Down to the final line, write out the material beneath exactly, without pictures.

» **Provided data**:
- Opening Delimiter -

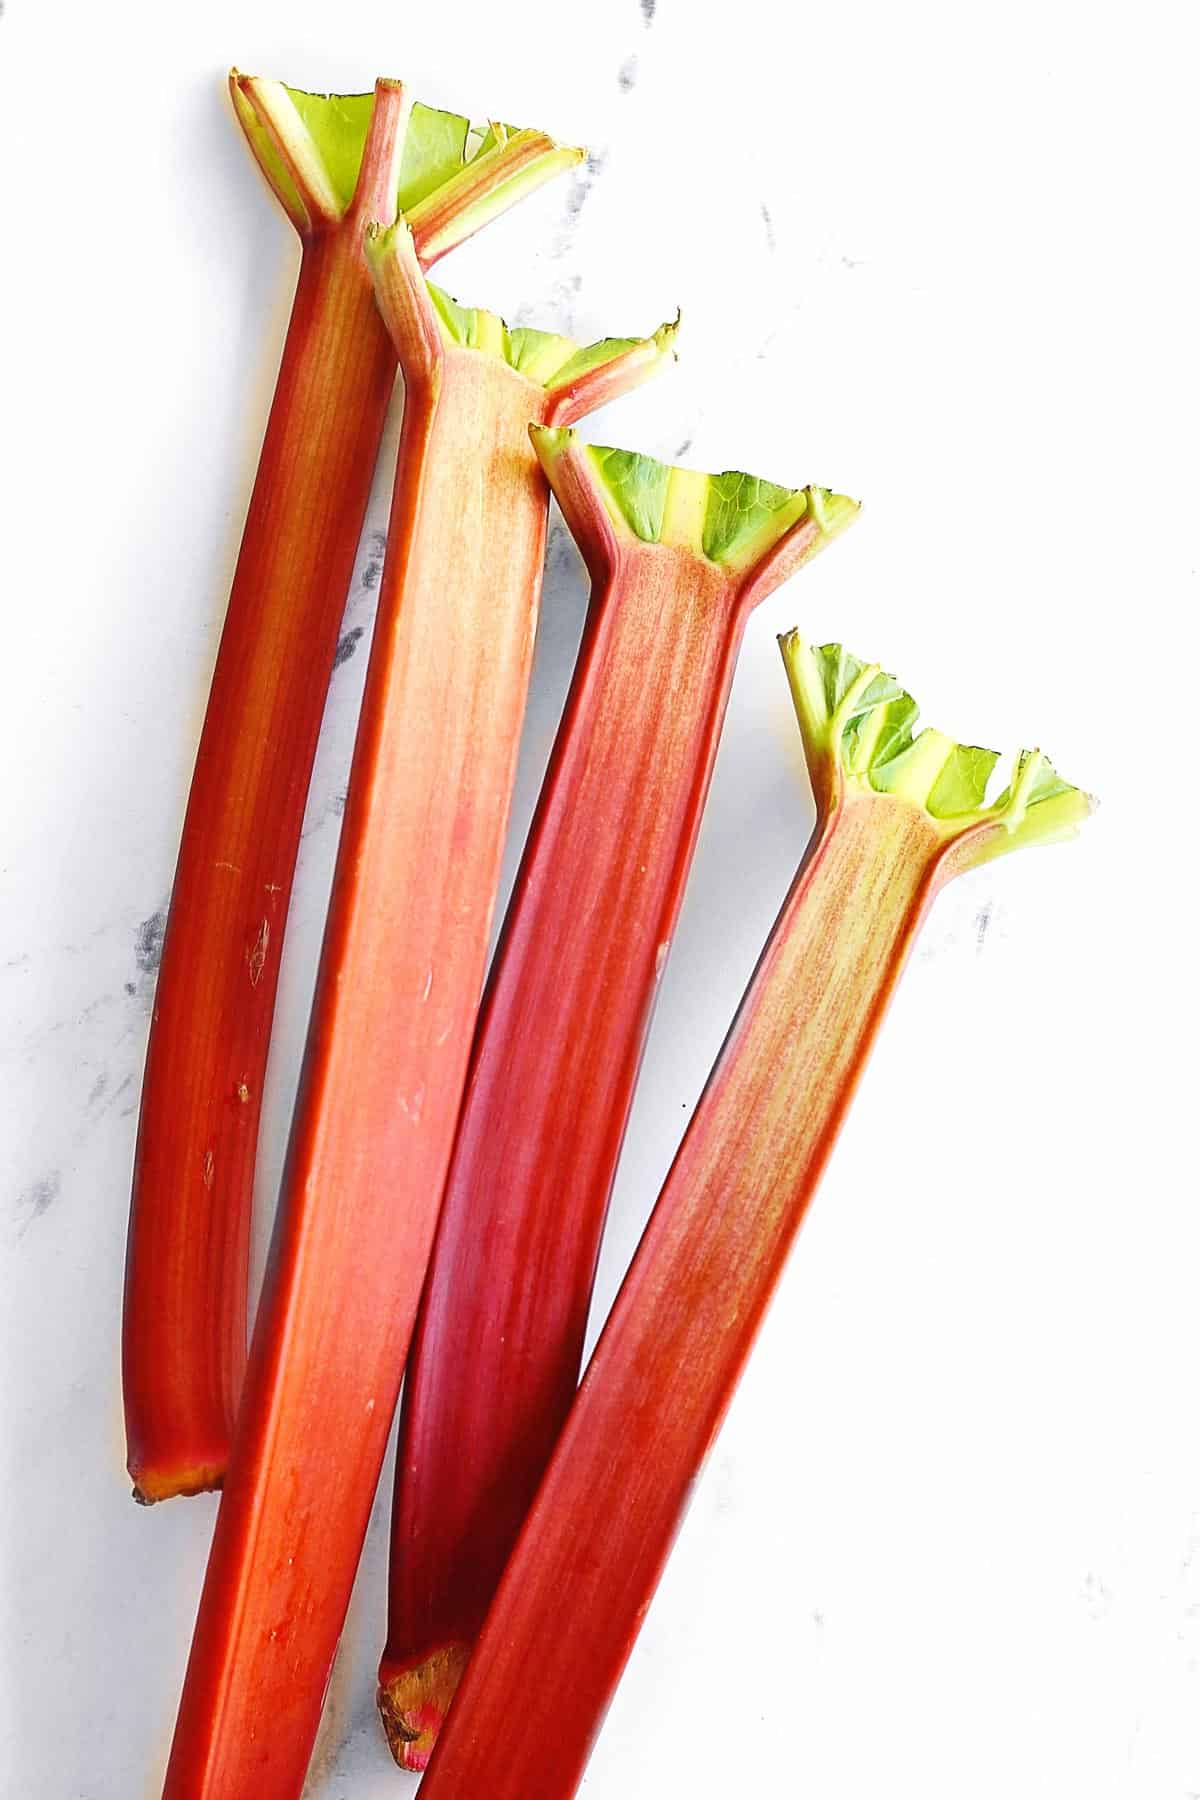 4 rhubarb stalks with leaves cut off
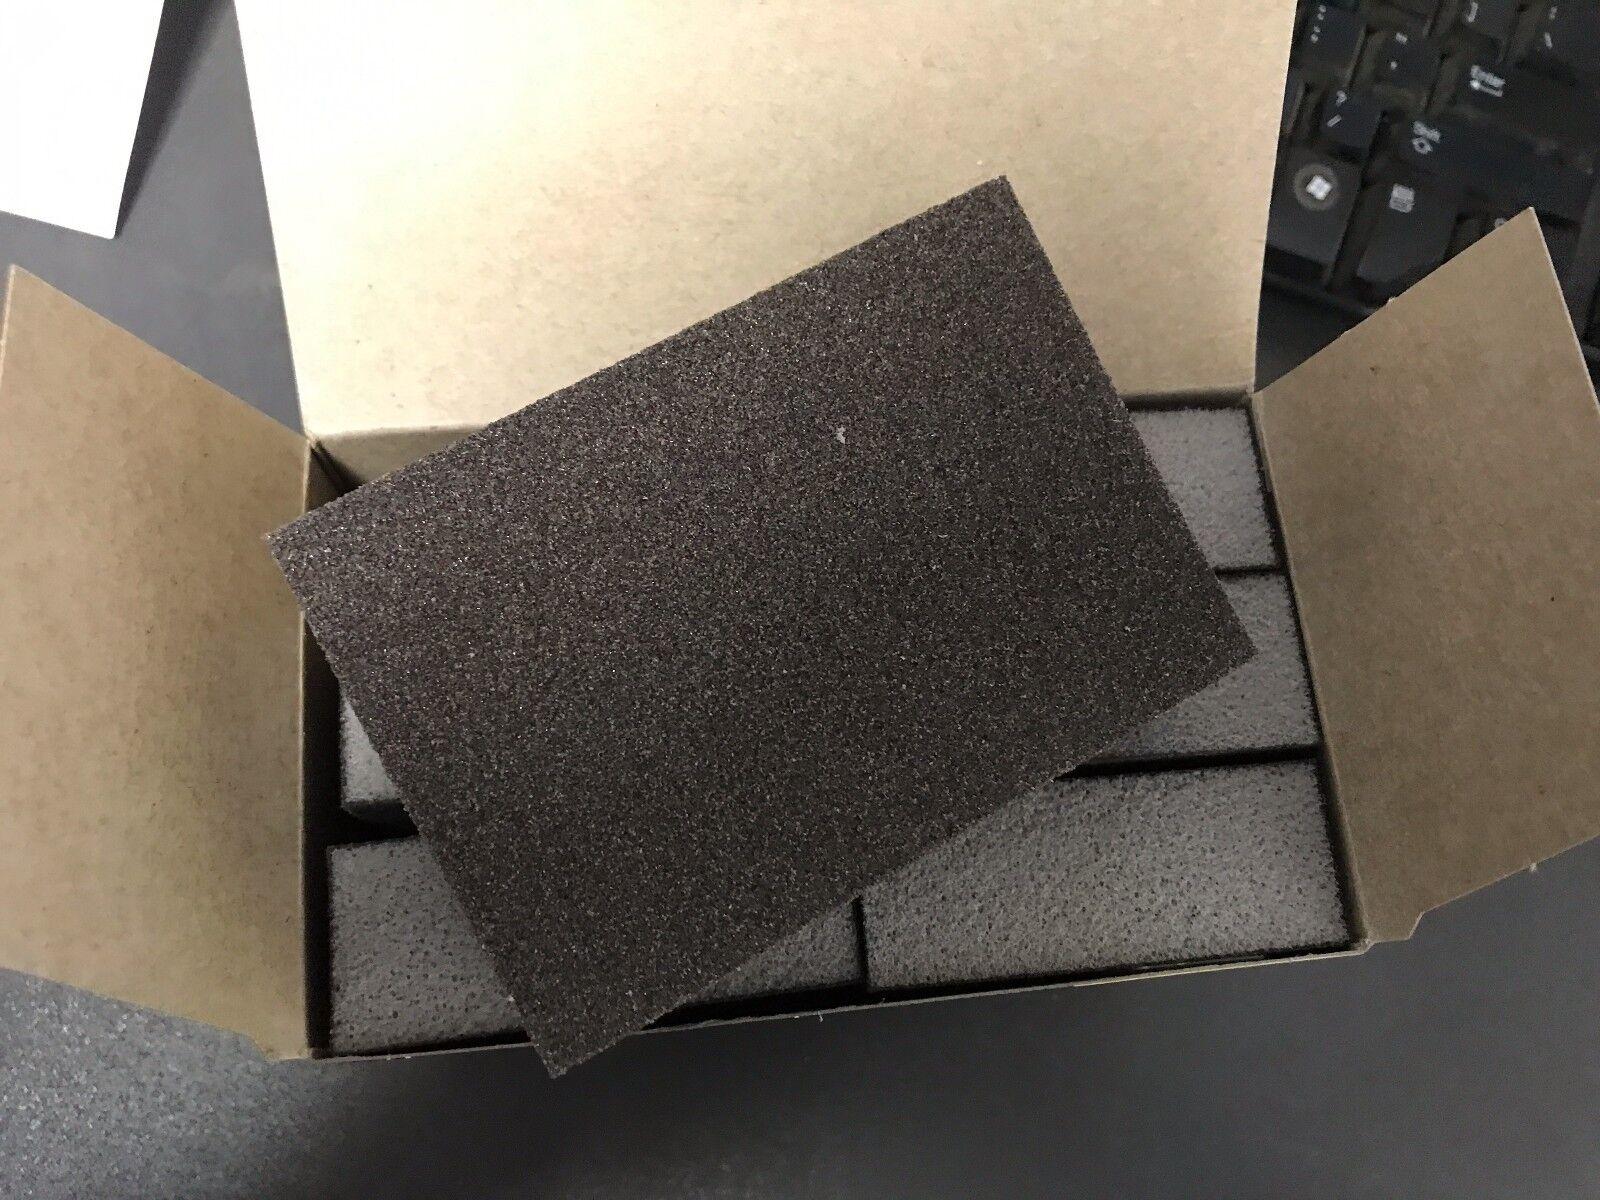 144 Sponge Lot 24-6 PACKS 3M Sanding Sponge Medium Grit Pro Pak BLOWOUT!
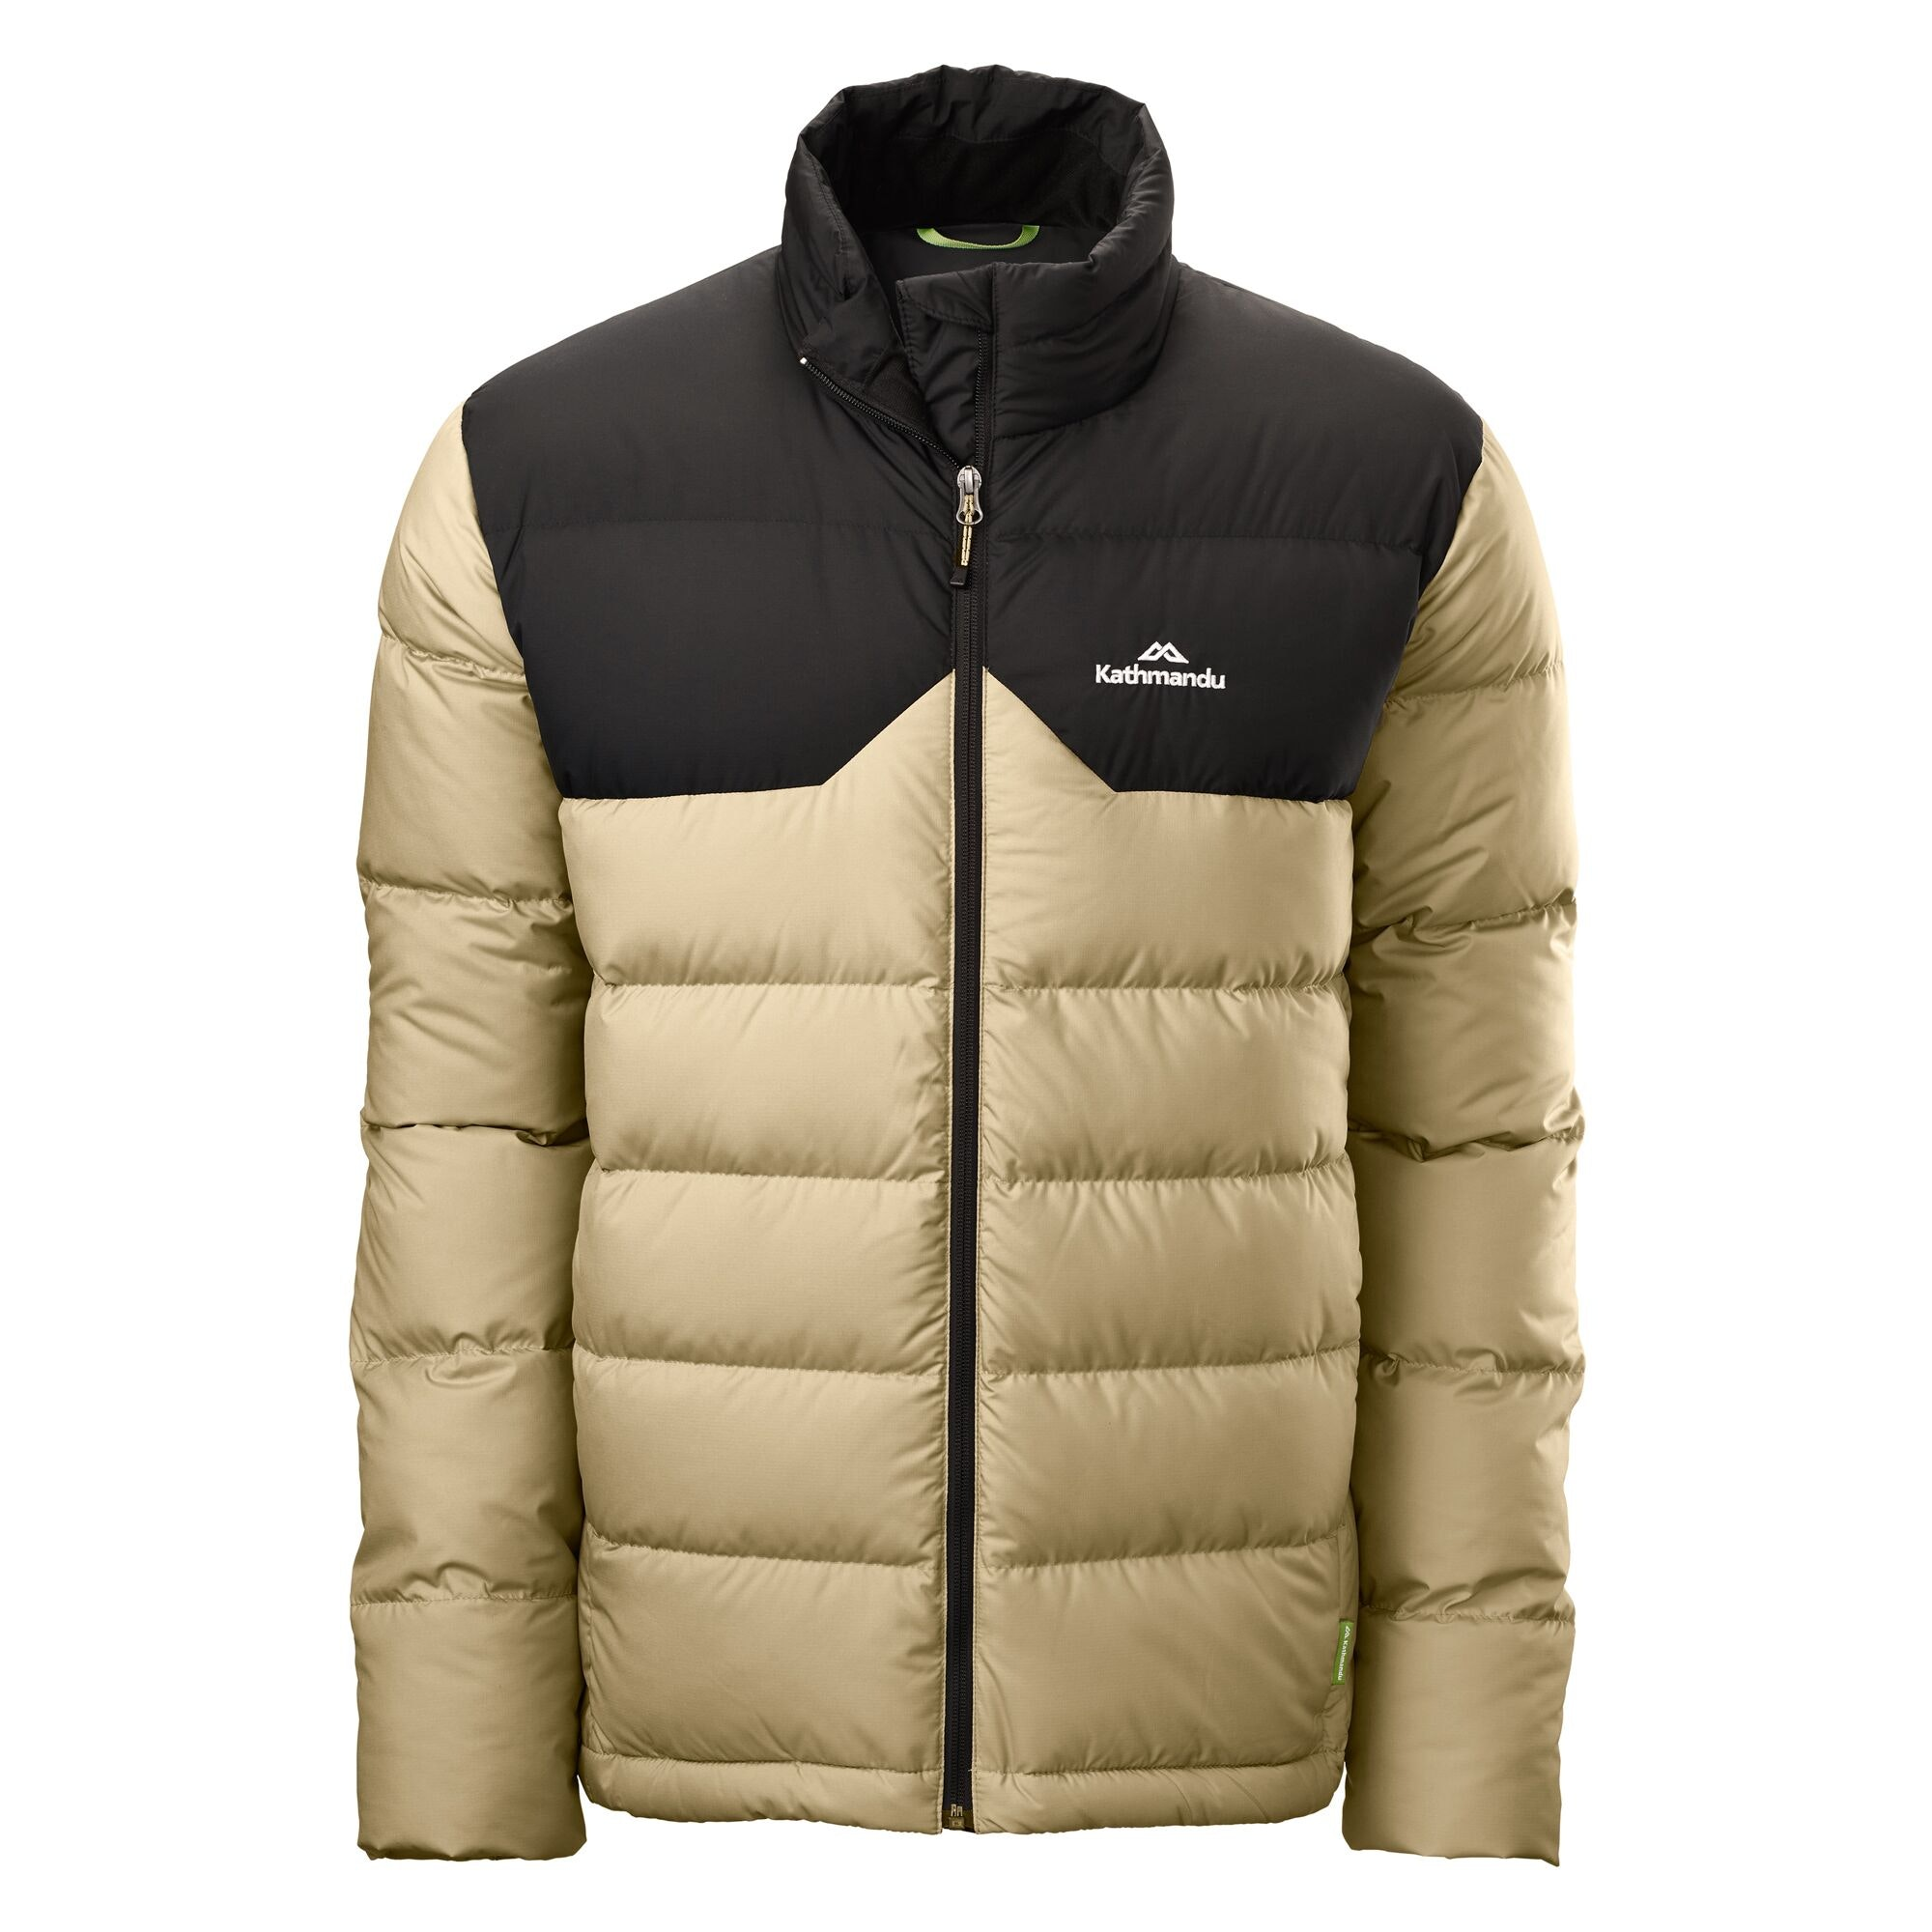 thumbnail 29 - NEW Kathmandu Epiq Mens 600 Fill Down Puffer Warm Outdoor Winter Jacket

- Closing Delimiter -

» **Your solution**:
 4 rhubarb stalks with leaves cut off
 144 Sponge Lot 24-6 PACKS 3M Sanding Sponge Medium Grit Pro Pak BLOWOUT!
 thumbnail 29 - NEW Kathmandu Epiq Mens 600 Fill Down Puffer Warm Outdoor Winter Jacket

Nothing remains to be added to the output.